Slack meets Bedrock: knowledge bases, tools, and action groups
This is part 2 of a three-part series on building a Slack bot powered by AWS Bedrock Agents.
- Building the gateway
- Knowledge bases, tools, and action groups (this post)
- Analytics, monitoring, and production
In part 1 we built the bridge between Slack and Bedrock. The agent can receive messages and respond. But right now, it only knows what the foundation model was trained on. Ask it about your company’s security policy and it will confidently make something up.
A chatbot that can only answer general questions is a worse Google. The real value comes when it knows your data and can take actions on your behalf.
Three types of intelligence
Bedrock Agents support three capability types, each solving a different problem:
| Capability | What it does | Example |
|---|---|---|
| Knowledge bases | Search your documents (RAG) | “What’s our password rotation policy?” |
| Action groups | Call external APIs via Lambda | “Create a bug ticket for the login page” |
| Code interpreter | Execute Python in a sandbox | “Plot monthly signups from this CSV” |
The agent decides which capabilities to use based on the user’s question. No routing logic needed on your side. The foundation model reads the descriptions you provide for each knowledge base and action group, then makes the call.
This is the key insight: you describe capabilities, the model routes to them. The quality of your descriptions directly determines how well routing works.
Knowledge bases and RAG
RAG (Retrieval-Augmented Generation) is the pattern that lets an LLM answer questions about documents it was never trained on. Instead of fine-tuning the model, you retrieve relevant chunks at query time and include them in the context.

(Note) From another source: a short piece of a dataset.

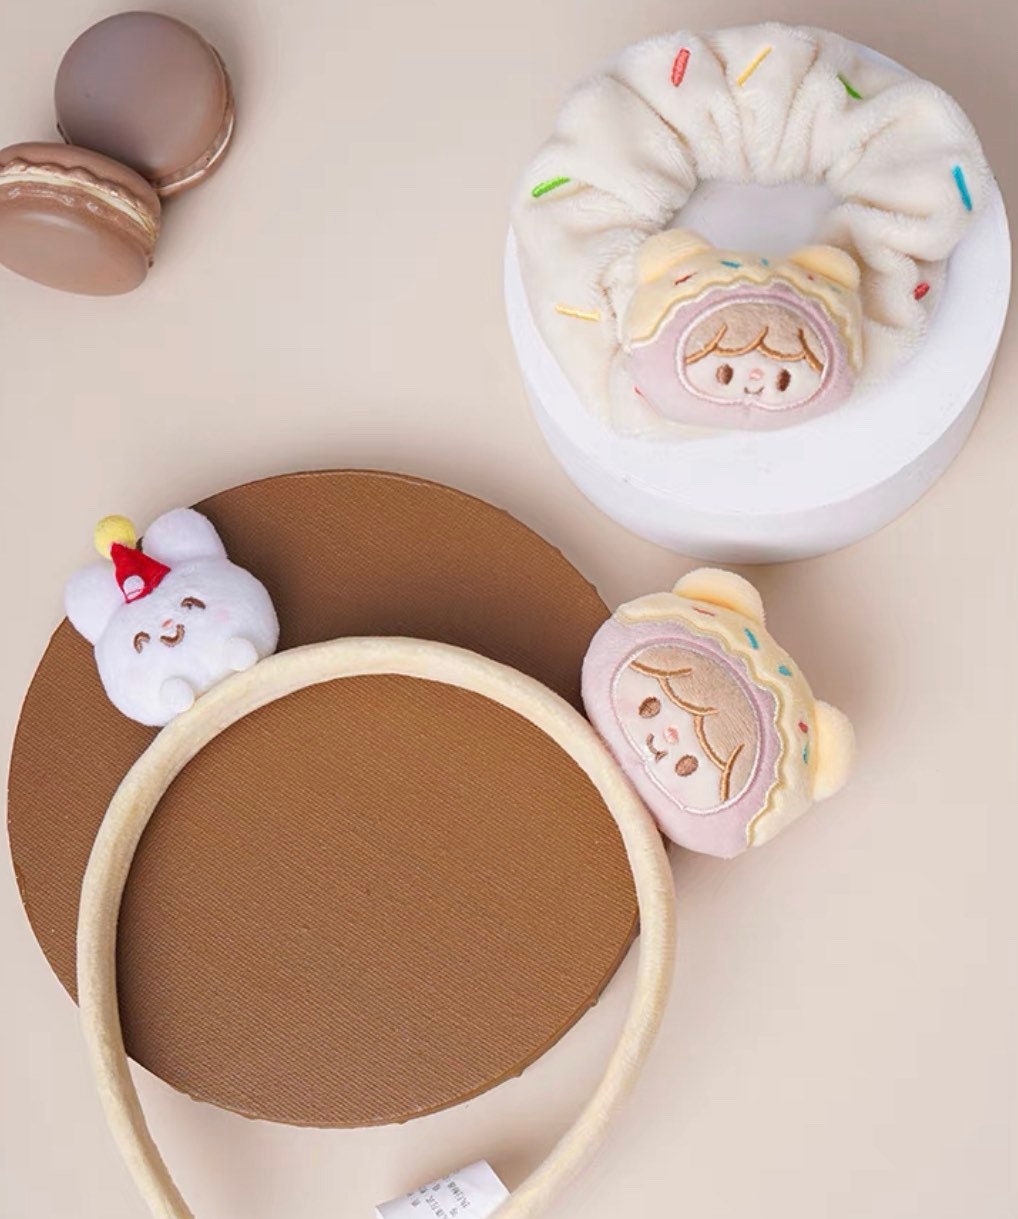 Molinta 「Baking Park」series stationery kawaii pudding plush hair accessories set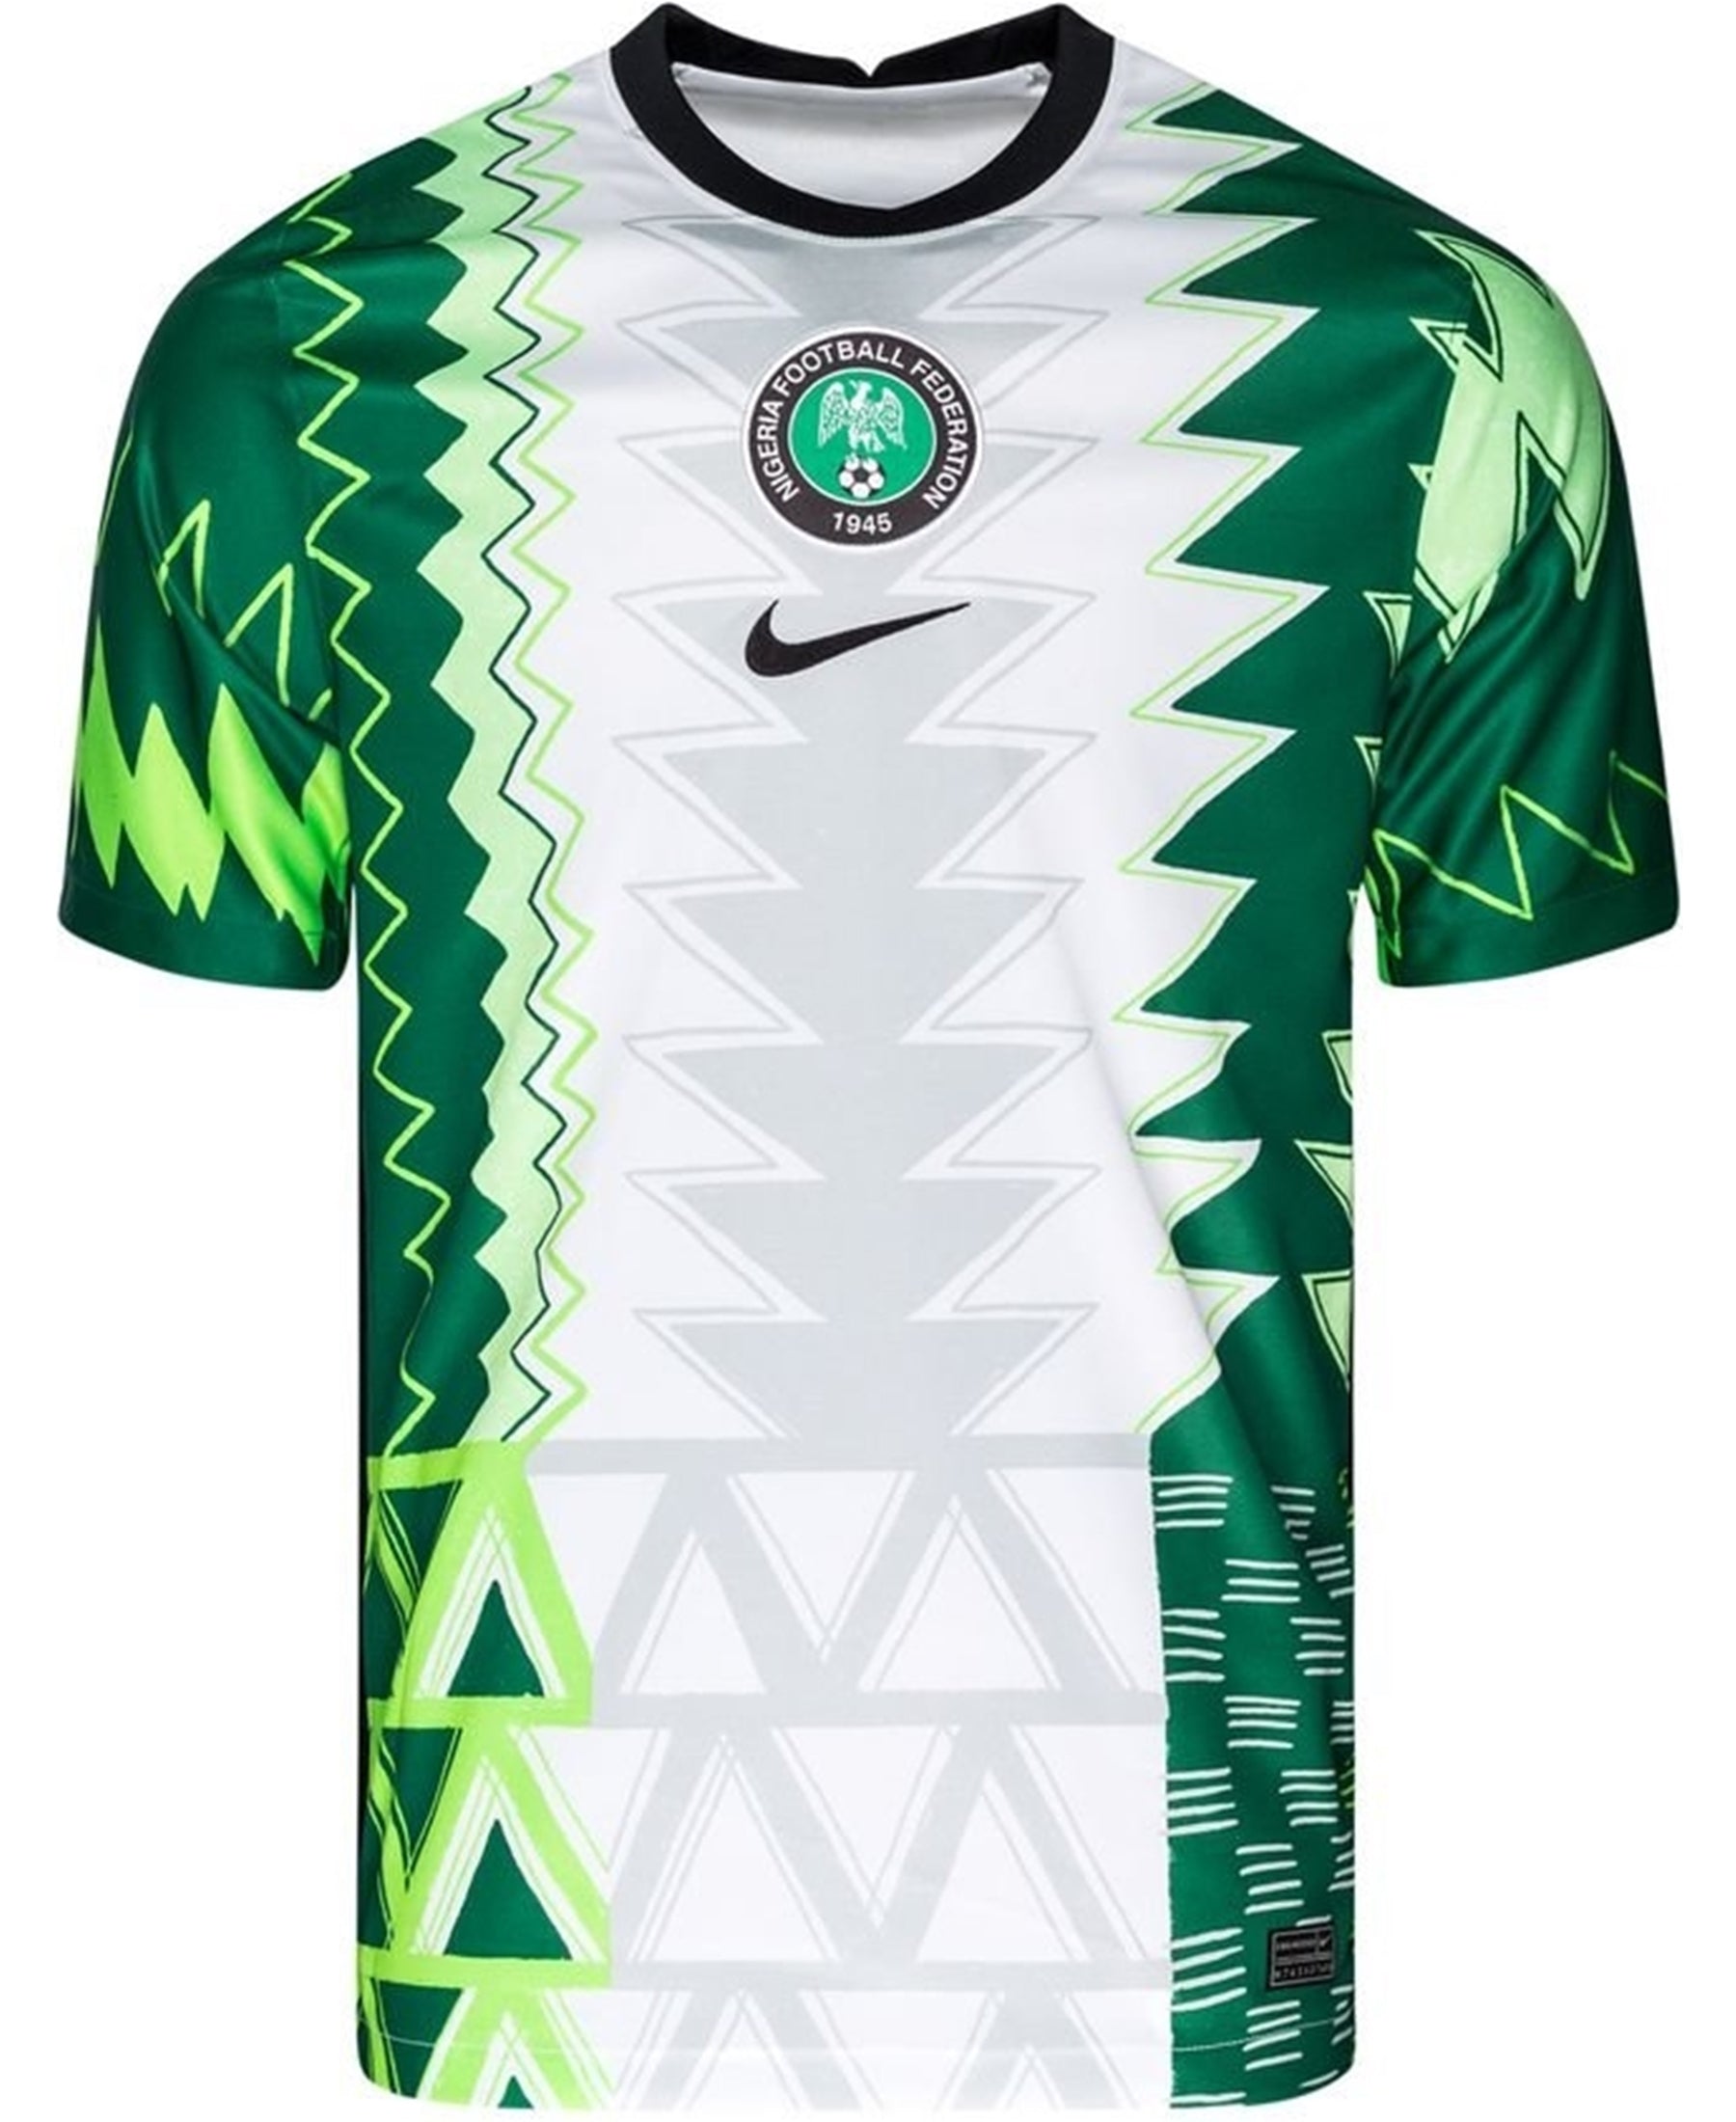 Holen Sie sich das offizielle Nike Nigeria NFF Stadium Heimtrikot 2021-2022 (CT4225-100) für echte Fans der nigerianischen Fußballnationalmannschaft. Dieses hochwertige Trikot ist nicht nur ein Muss für Anhänger der Super Eagles, sondern auch ein stylisches Fashion-Statement. Mit seinem markanten Design und den authentischen Details ist es perfekt für Spiele, Training oder den Alltag. Bestellen Sie jetzt bei SHOP4TEAMSPORT und zeigen Sie Ihre Unterstützung für Nigeria.

The pipeline has two phases:
Ingestion. Documents go into an S3 bucket. Bedrock chunks them, generates embeddings using a model like Amazon Titan, and stores the vectors in a vector store. This happens once per sync.
Query. When a user asks a question, Bedrock converts the question to an embedding, searches for nearest neighbors in the vector store, retrieves the matching chunks, and feeds them to the foundation model as context.
Setting up a knowledge base
The CloudFormation resources for a single knowledge base:
KnowledgeBase:
Type: AWS::Bedrock::KnowledgeBase
Properties:
Name: security-policies-kb
Description: "Internal security and privacy policies"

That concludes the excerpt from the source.